Historians have long hypothesised the existence of a lost vat room in the Swan Brewery in Perth but have only just today found it. After a partial collapse of the foundations during construction, one area was abandoned and the area was built over. Upon opening the room some say that saw a shadowy figure lurking in the room. This figure turned out to be god.
"Wow I'm glad to be out of there, gets a bit chilly in the winter" exclaimed god. One of our trusty reporters was one the scene to ask more.
"How did you become trapped down there?" asks Fibber McNoseypants (FM).
god: "Well just after I built it I thought I deserved a drink, so I went down to grab one, and lo and behold, the bloody thing collapsed on me."
FM: "You built the brewery?"
god: "Hahaha yeah, probably should have done a better job.
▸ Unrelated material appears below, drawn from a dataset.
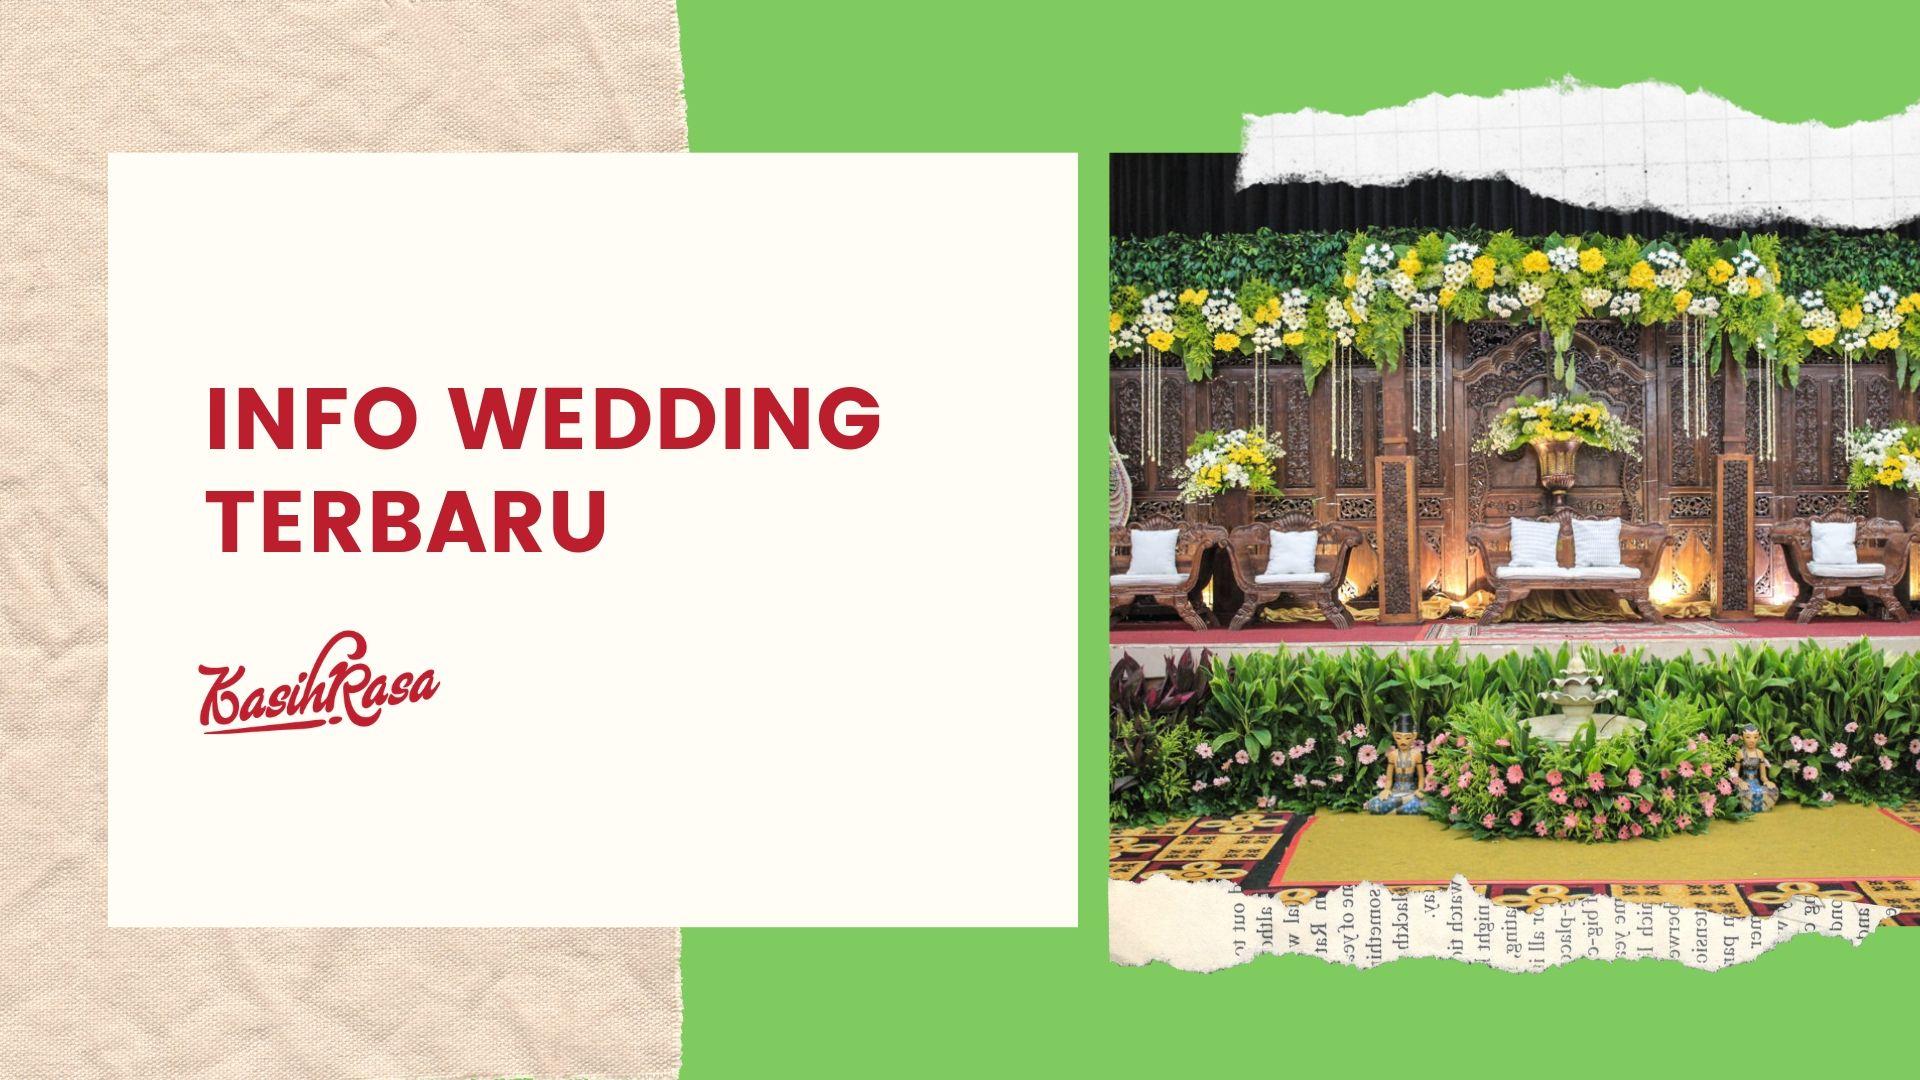 Rekomendasi Wedding Organizer Terpercaya di Jakarta 2019 adalah yang menyiapkan paket pernikahan di jakarta kelengkapan yang di perlukan oleh kedua pengantin

Built the thing back in 1867".
FM: "I thought it was built in 1837 or there abouts?"
god: "Oh no.. I mean, I created everything in 1867, the universe, earth, quarks... I left this brewery until last, I was pretty knackered at this point so thats probably why it fell down.
FM: "Wait, the world was created in 1867?"
god: "Yeah. I just made everything look like it was older than it was. I mean who would go to a brewery that hasn't been around for at least 30 years. Most of the other stuff was just to take the piss. I mean dinosaurs.. come on! Someone was tripping on something when they dreamed up them. All I did was chuck some leftover bones in the ground."
FM: "You know this goes against pretty much all world views about the age of the universe, be it 16 billion or 6000 years?"
god: "Of course I know that. Telepathy you see. 16 billion, can you even imagine that number, bah! And six thousand, well that was just dumb. Adding up all the dudes ages in the bible. I mean wtf!"
FM: "You raise a good point here. I assume you created the bible since you created everything else. Why did you do that?"
god: "To take the piss. I thought I told you this already."
FM: "Ok. Let me get this straight. You can create anything, you know everything and yet you got stuck in a lost room in a brewery for a century and a half. Why didn't you get yourself out?"
god: "Well you see I have a few thousand of these universe things going at any one time, thought I'd have a break from it all for a while."
FM: "Well god, its be enlightening. Thankyou for your time."
god: "Actually to be fair, I didn't create time, that was Zeus. I kind suck at making temporal dimensions, more of a spatial dimension man myself. Thats why I gave this universe 10 of them.
FM: "Isn't there only 3 spatial dimensions?"
god: "Fuck, I stuffed this one up too."